The Color Structure Descriptor captures both color content and information about the spatial arrangement of the colors. Specifically, it is a histogram that counts the number of times a color is present in an 8x8 windowed neighborhood, as this window progresses over the image rows and columns. This enables it to distinguish, for example, between an image in which pixels of each color are distributed uniformly and an image in which the same colors occur in the same proportions, but are located distinct blocks.
IlluminationInvariantColor is another supporting tool in the color description tool group. It is a container and can extend four color descriptors – DominantColor, ScalableColor, ColorLayout and ColorStructure – to support illumination invariant similarity matching.
All the tools are applicable to square-formed and arbitrary shaped still pictures.
The edge histogram descriptor represents the spatial distribution of five types of edges (four directional edges and one non-directional). It consists of local histograms of these edge directions, which may optionally be aggregated into global or semi-global histograms.
The Homogeneous Texture descriptor is designed to characterize the properties of texture in an image (or region), based on the assumption that the texture is homogeneous – i.e., the visual properties of the texture are relatively constant over the region. The descriptive features are extracted from a bank of orientation- and scale-tuned Gabor filters.

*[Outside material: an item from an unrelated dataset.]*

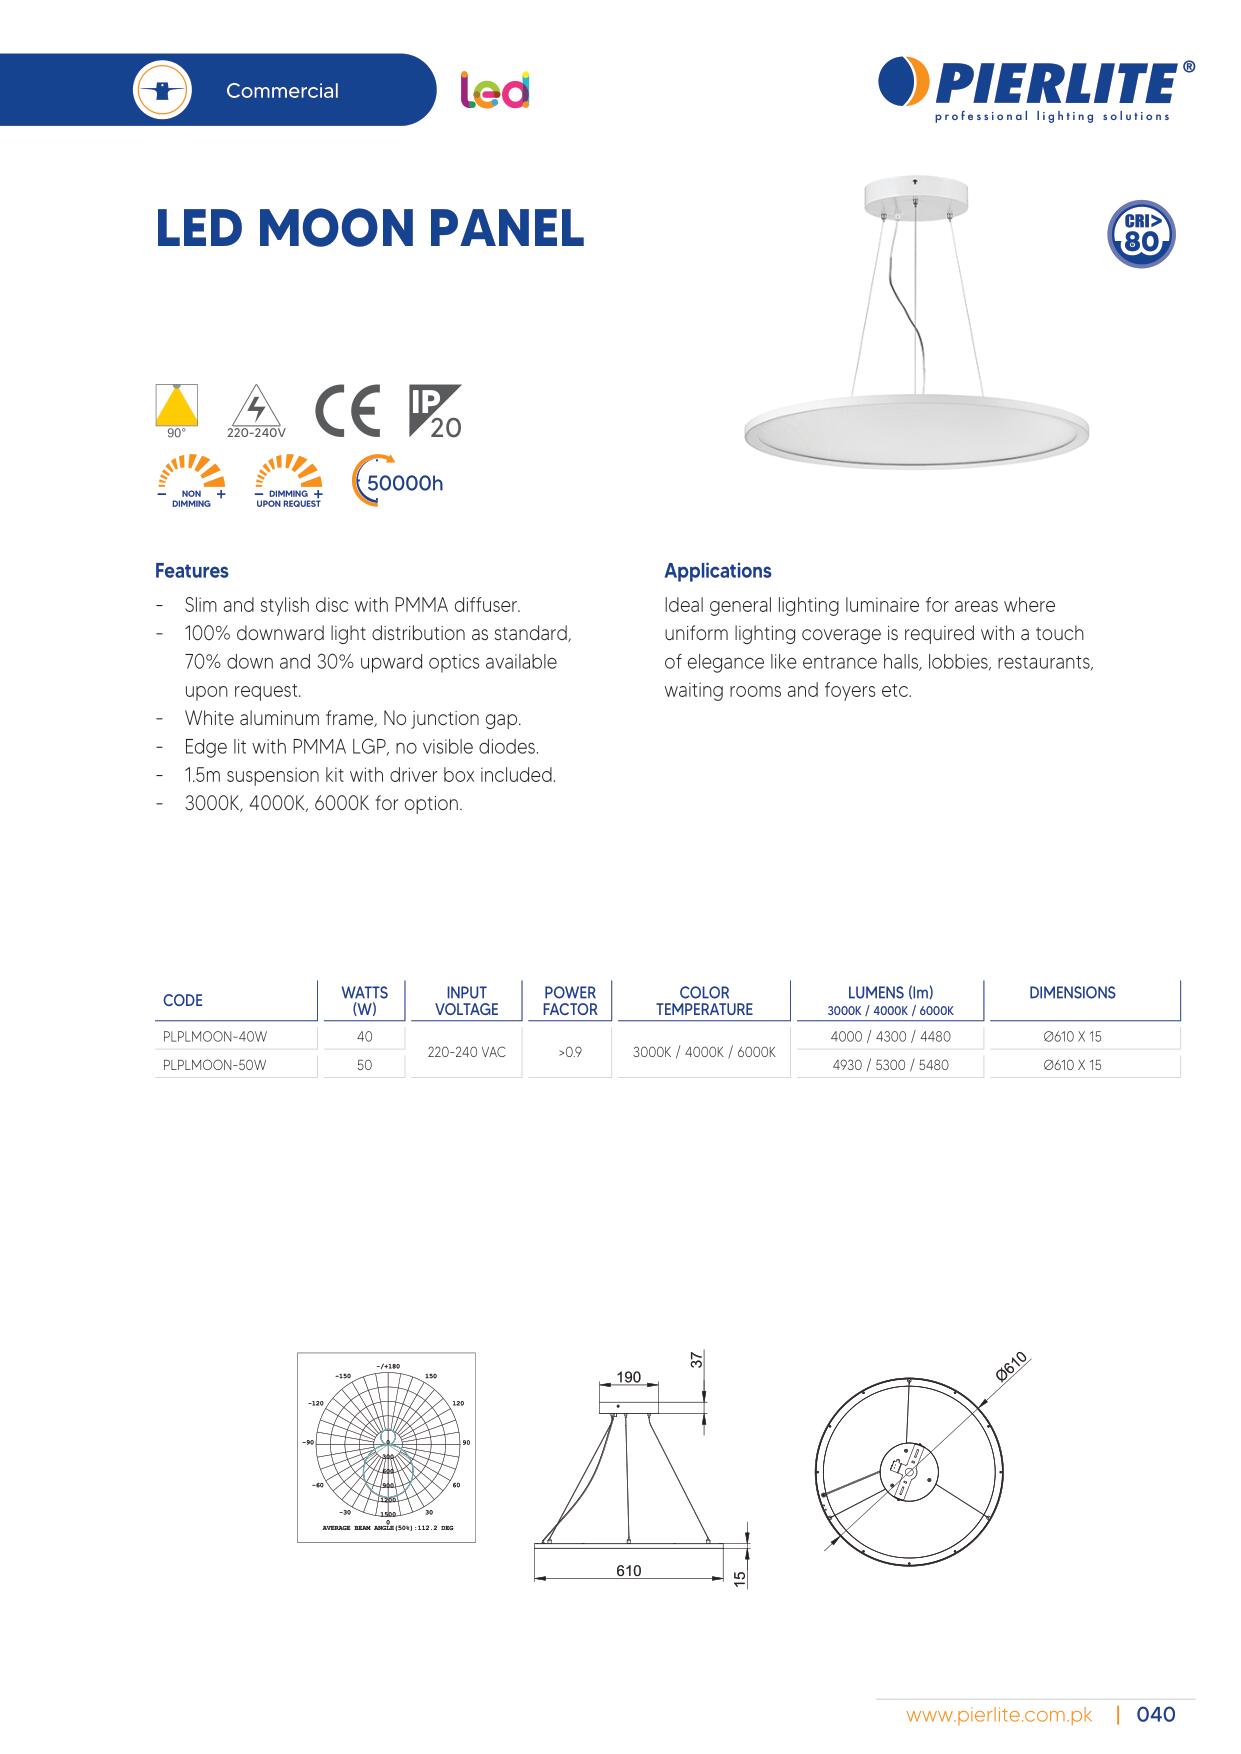 Pierlite LED Luminaire Catalog 2021-49

The Texture Browsing Descriptor is useful for representing homogeneous texture for browsing type applications. This descriptor, combined with the Homogeneous Texture Descriptor, provides a scalable solution to representing homogeneous texture regions in images.
The 3D Shape Descriptor provides an intrinsic shape description of 3D mesh models, by exploiting some local attributes of the 3D surface
There are four motion Descriptors: Camera Motion, Motion Trajectory, Parametric Motion and Motion Activity.
This descriptor characterizes 3-D camera motion parameters. It is based on 3-D camera motion parameter information, which can be automatically extracted or generated by capture devices. The camera motion descriptor supports the following well-known basic camera operations: fixed, panning, tracking, tilting, booming, zooming, dollying, and rolling.
The motion trajectory of an object is a simple, high-level feature, defined as the localization, in time and space, of one representative point of this object. This descriptor shows usefulness for content-based retrieval in object-oriented visual databases.
The parametric model is associated with arbitrary (foreground or background) objects, defined as regions (group of pixels) in the image over a specified time interval. Such an approach leads to a very efficient description of several types of motions, including simple translation, rotation and zoom, or more complex motions such as combinations of the above-mentioned elementary motions.
The Motion Activity descriptor captures the intuitive notion of ‘intensity of action’ or ‘pace of action’ in a video segment. This descriptor is useful for applications such as video re-purposing, surveillance, fast browsing, dynamic video summarization, content-based querying etc.
The localization description tools can be used to indicate arbitrary shaped regions of interest in the spatial (RegionLocator) and spatio-temporal (SpatioTemporalLocator) domains.